Task goal: The listing is to be repeated exactly, and its pictures are to be left out.

---------- Collected data

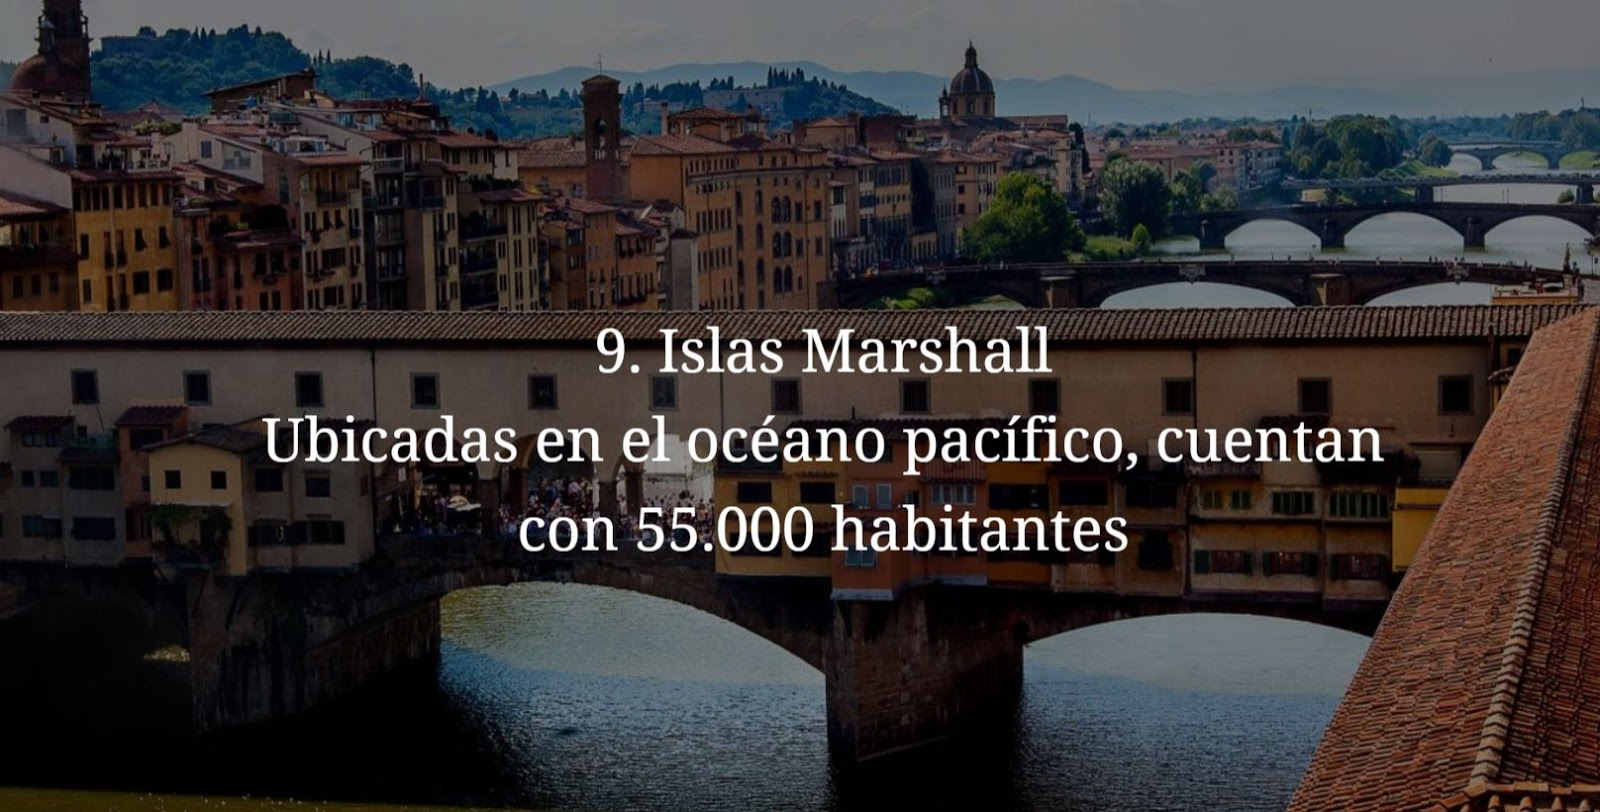 Islas Marshall, paises mas pequeños y menos habitados del mundo
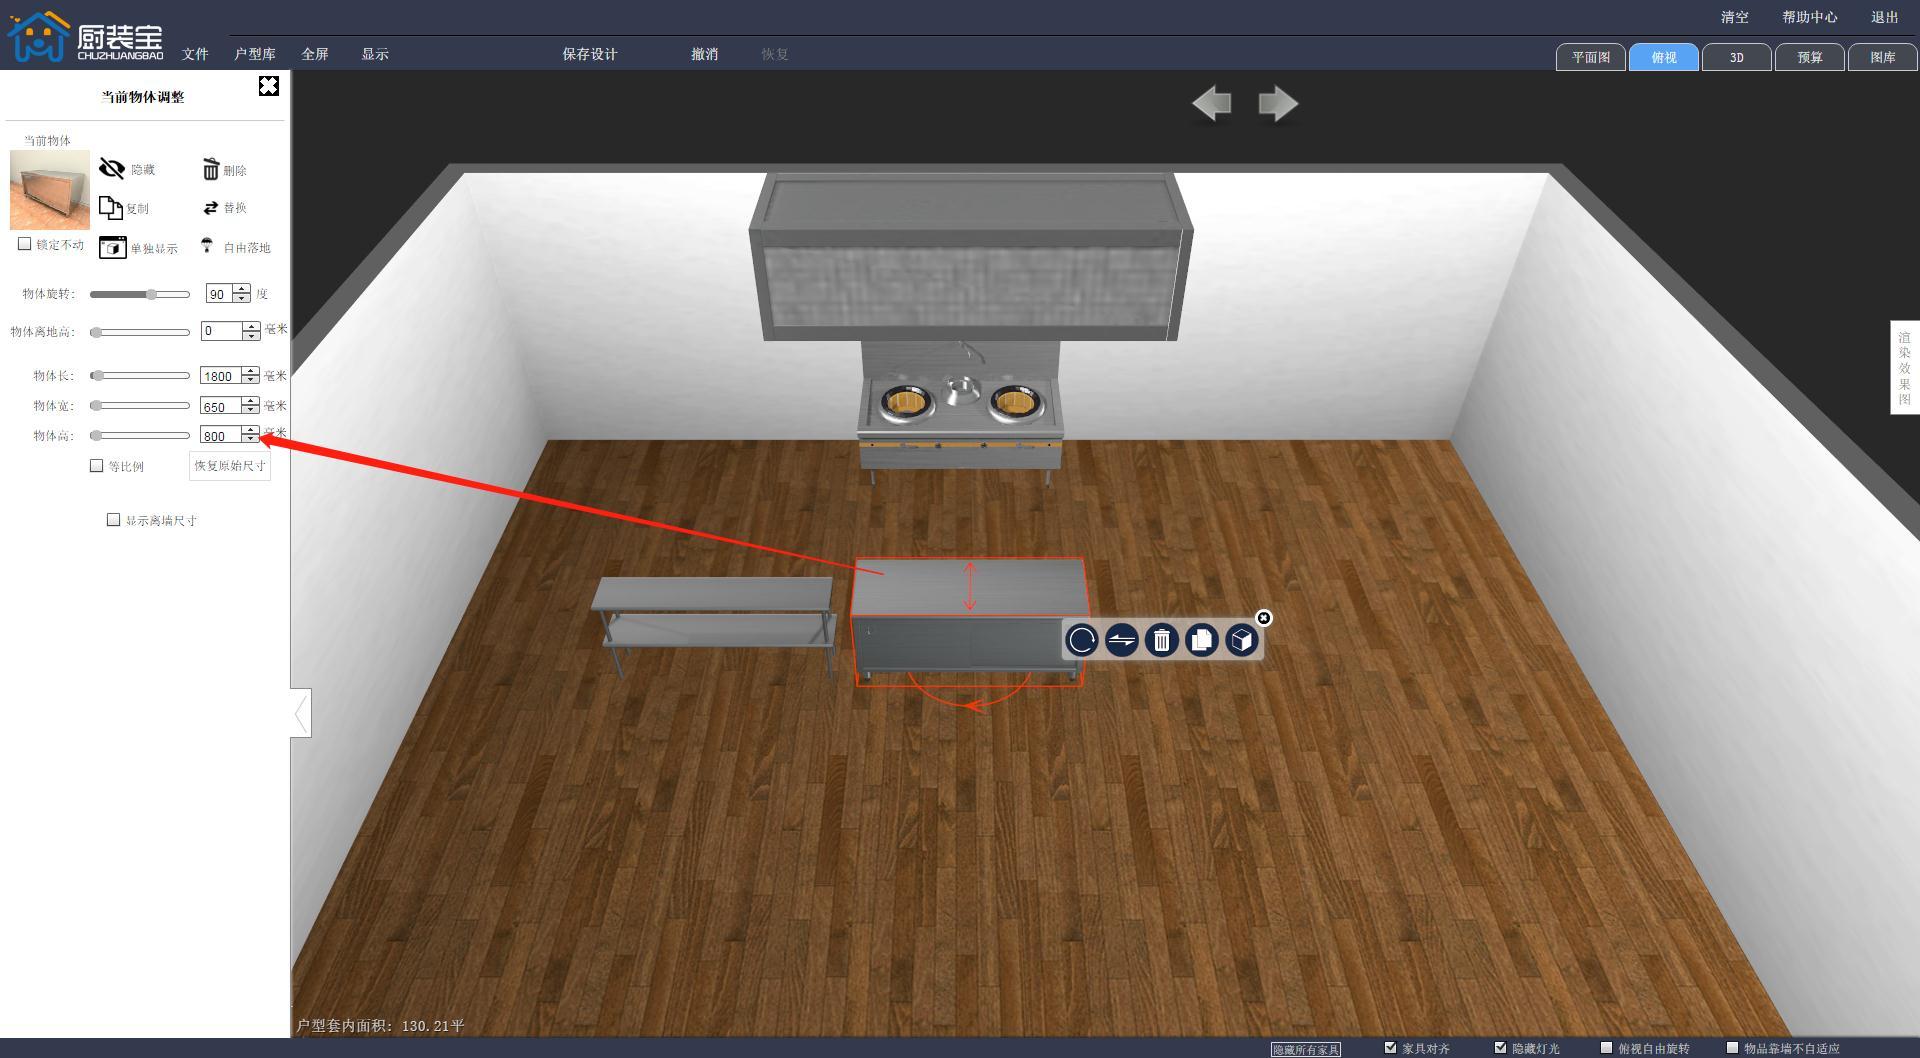 厨房宝3D云商厨设计软件
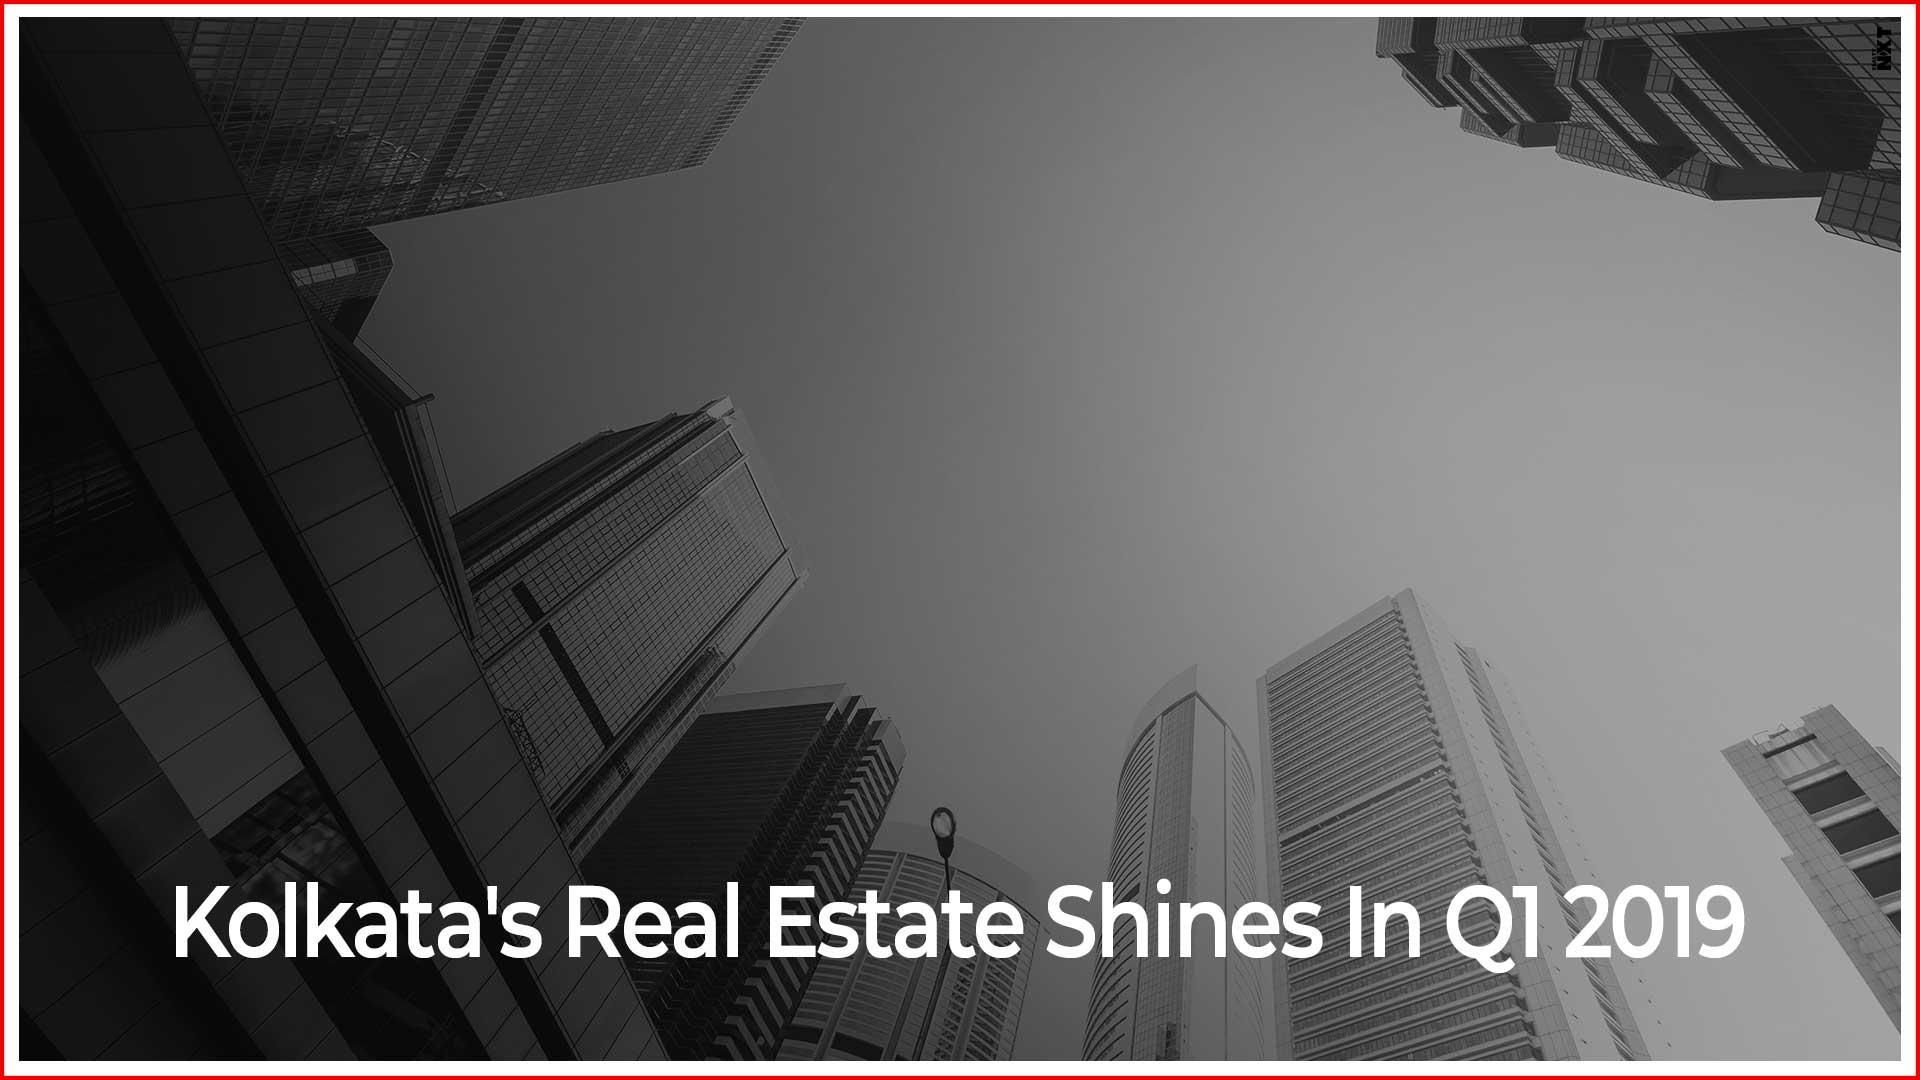 Kolkata Real Estate – Q1 2019 Update

--------------------

Task answer:
 Islas Marshall, paises mas pequeños y menos habitados del mundo
 厨房宝3D云商厨设计软件
 Kolkata Real Estate – Q1 2019 Update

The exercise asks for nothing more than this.